Graduate Student Position Available

M.Sc. Position in Toxicology of Lobster Behaviour

IMPORTANT:  THIS POSITION HAS BEEN FILLED

Interested in aquatic animal behaviour or applied research in toxicology or estuarine restoration?  Interested in building expertise in a range of techniques, including field work with SCUBA, semi-automated video analysis of behavioural experiments, and contaminant tissue analyses?

Dr. Russell Wyeth and Dr. Jim Williams in Biology at St. Francis Xavier University (StFX) are accepting applications for an MSc student position to start Jan 1, 2018.  This position is fully funded ($18,000 x 2 years), and tuition support is also possible.

Our research is focused on understanding how lobster behaviour is affected by industrial pollution and to what degree lobster behaviour returns to normal following remediation work to remove pollutants from the environment.

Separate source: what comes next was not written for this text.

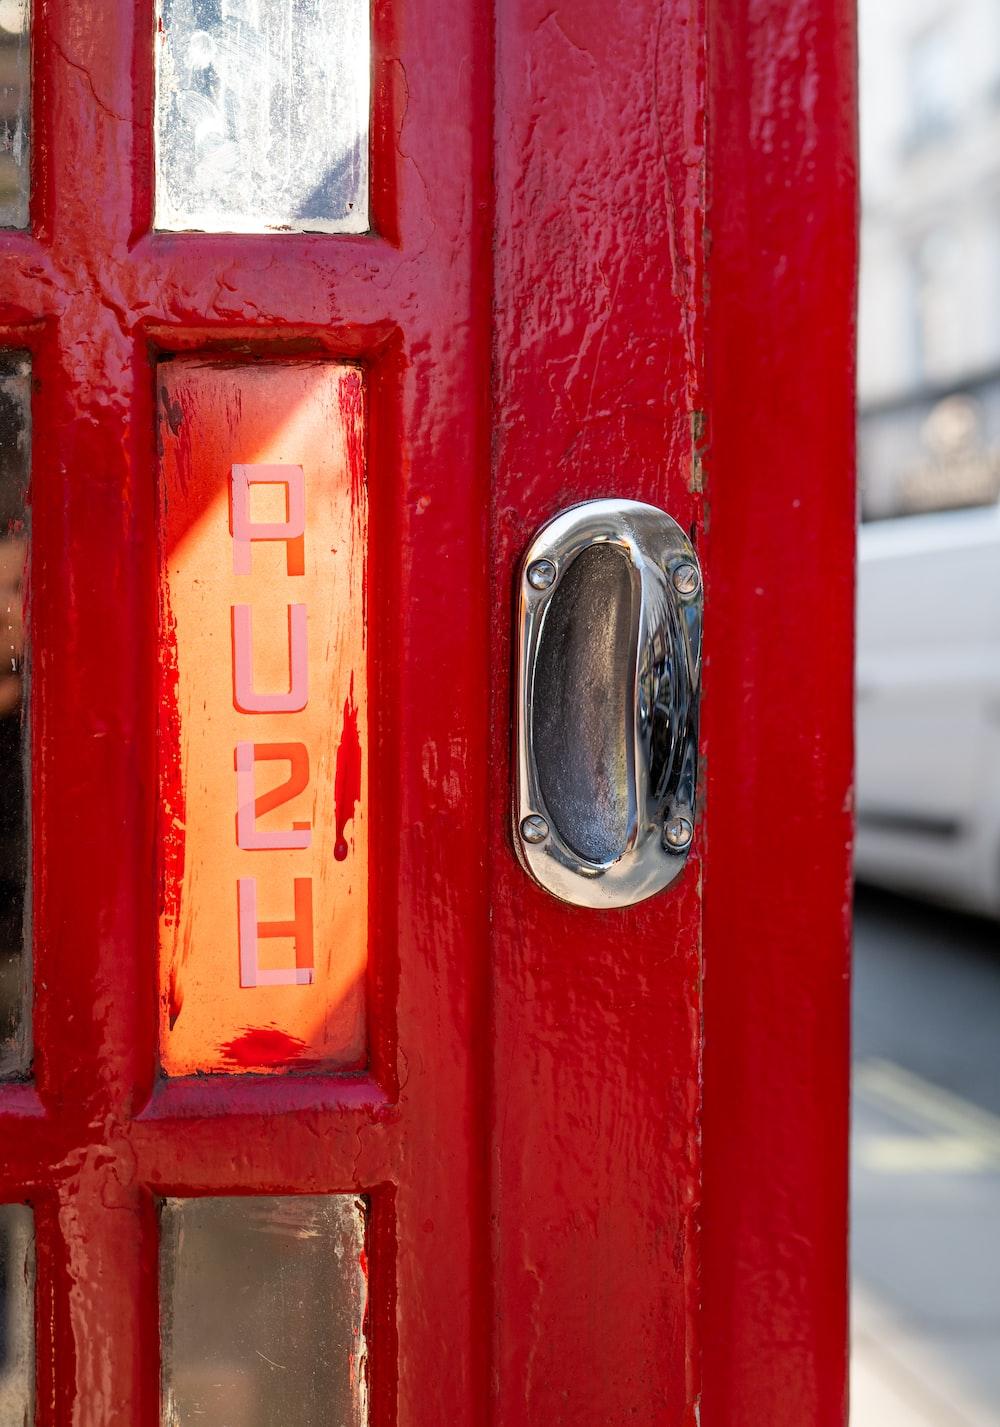 red and silver love print door handle

Context: Boat Harbour, Nova Scotia, located in Pictou Co. Nova Scotia, has been receiving effluent from pulp and paper mills as well as Canso Chemicals Chlor Alkali Plant over 50 years.  Boat Harbour has also been impacted by other air borne industrial emissions.  As part of an agreement with Pictou Landing First Nation, the provincial government has committed to close the effluent inflow into Boat Harbour.  The remediation project for this contaminated environment is underway, with the eventual goal of re-opening Boat Harbour as tidal waters with a restored estuarine ecosystem.  Lobster are common in the area and an important fisheries resource that may be affected by contaminants in the Boat Harbour sediment.  It is important to establish whether or not the contaminants accumulate in lobster and whether they affect their behaviour.

Project: Using both trapped adults and juveniles caught by SCUBA, the MSc candidate will use laboratory experiments to explore uptake of contaminants from Boat Harbour sediment and its effects on key behaviours.  Contaminant analysis will be completed in collaboration with researchers at Dalhousie University and Cape Breton University.  Behavioural analyses will test effects of contaminants on predator escape responses, feeding activities, and shelter construction behaviours.

Applicants with prior experience with SCUBA, toxicology, or behavioural research are encouraged to apply, but these skills are not prerequisites for the position.